# West Bay Report



## SKIFFSTIFF (May 8, 2009)

If you are going to catch only one fish you might as well make it a good one.She finally ate the crack fly after about 35 or so cast and covering around 75 to 100 yards.
Thank you Chris for chasing her down.

SKIFFSTIFF


----------



## flynut (Jun 30, 2009)

Nice fish Joe. Congrats. That's a pig for west bay.


----------



## southpaw (Feb 25, 2009)

Quality work there Joe. 

That red looks like it's been through some shizzz


----------



## SKIFFSTIFF (May 8, 2009)

*Skiffstiff*

Yea,
She had a bloody nose and tail.Like she was grubbing in shell for crabs.??
Skiffstiff


----------



## tail-chaser (May 5, 2007)

that fish has had a rough life.


----------



## Ish (Oct 30, 2008)

da*n...70...that's impressive.

i hope i live that long, but at this rate likely ain't gonna happen.


----------



## flynut (Jun 30, 2009)

Ish said:


> da*n...70...that's impressive.
> 
> i hope i live that long, but at this rate likely ain't gonna happen.
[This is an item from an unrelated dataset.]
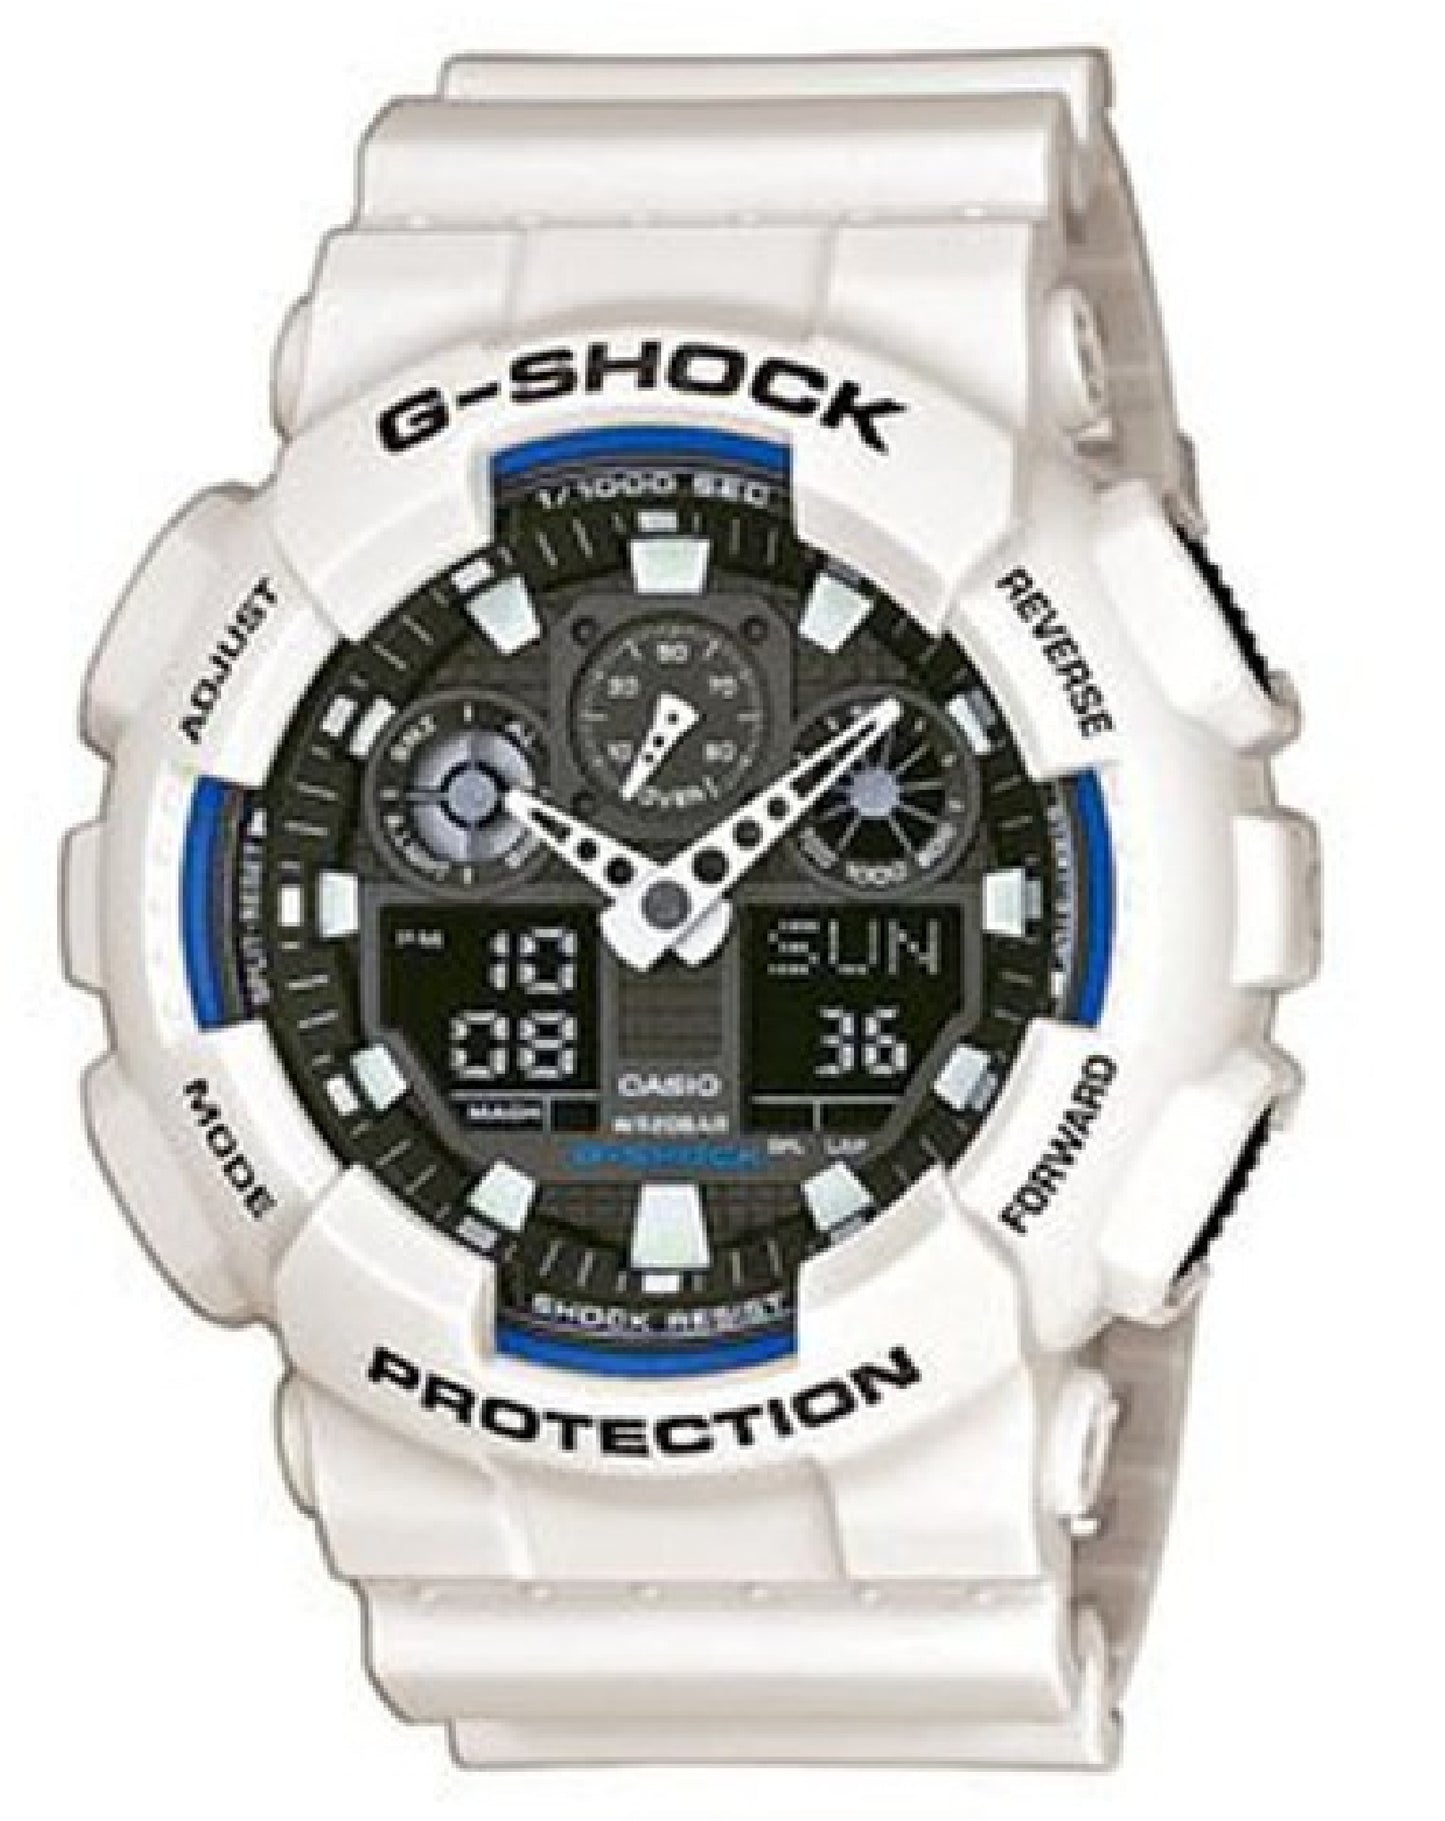 Casio GA-100B-7AER CASIO, G-SHOCK, Black Dial Watch

 I have fished with Joe many times and I can tell you he can out fish and pole a skiff better than some of the young ones that get on my skiff. I too hope that I am still giving those fish hell at that age. :bounce:


----------



## SKIFFSTIFF (May 8, 2009)

*Skiffstiff*

Thanks for the kind words Doug.
BUT
Some times my mind is writing checks that my body can't cash !


----------



## Animal Chris (May 21, 2004)

Nice one, Joe. Congratulations on a fine catch.


----------



## Worm Drowner (Sep 9, 2010)

Very nice, Joe!!


----------